Dates, times, direct quotes. Screenshots. Save everything. Look out for #1!
Yikes this is why I don’t want to marry an American (I’m international). Lots of regular marriages end up in divorce for different reasons, but when green card marriage does fail, the first assumption is always because the foreigner took advantage of the American one and not because of real love at one point. Although in your case, your husband seems premeditated, so that’s different.
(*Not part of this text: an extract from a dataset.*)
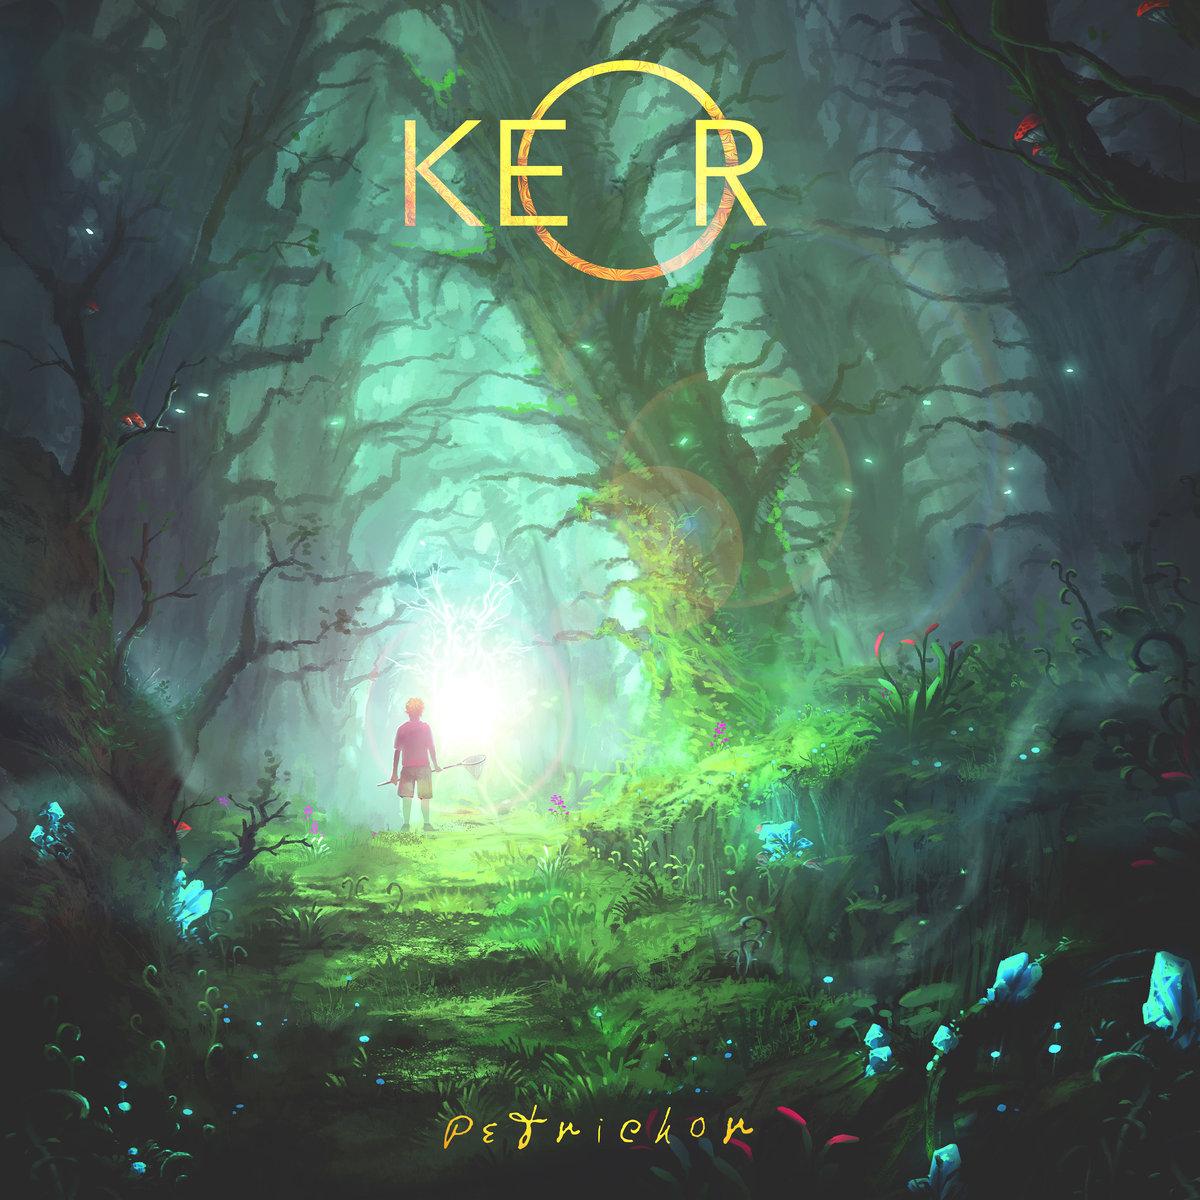 WFA: Keor

This is probably very rare though. It would be good to see a statistic of what happens at divorce in many of these cases (and I presume parties generally move on). This kind of story sucks, but it’s somewhat sensational and likely not representative.
Conversation Starter
Don't report him to ICE. Contact a lawyer, and let the lawyer do that process. That way you're prepared and protected for any complications.
But yeah, I'd stop being at all cooperative with this man. You're so much better than him. He didn't care about your happiness, so it's time for you to take control of it.
Visual Storyteller
Don’t do anything. Move forward. Let karma do it’s thing.
Enthusiast
I'm sorry to hear that. Unfortunately, cheating is not evidence of a fraudulent marriage just a failed one.
Once it comes time for him to file the I-751 to remove conditions, he can do it without you with proof of his bona fide marriage to you and a divorce waiver.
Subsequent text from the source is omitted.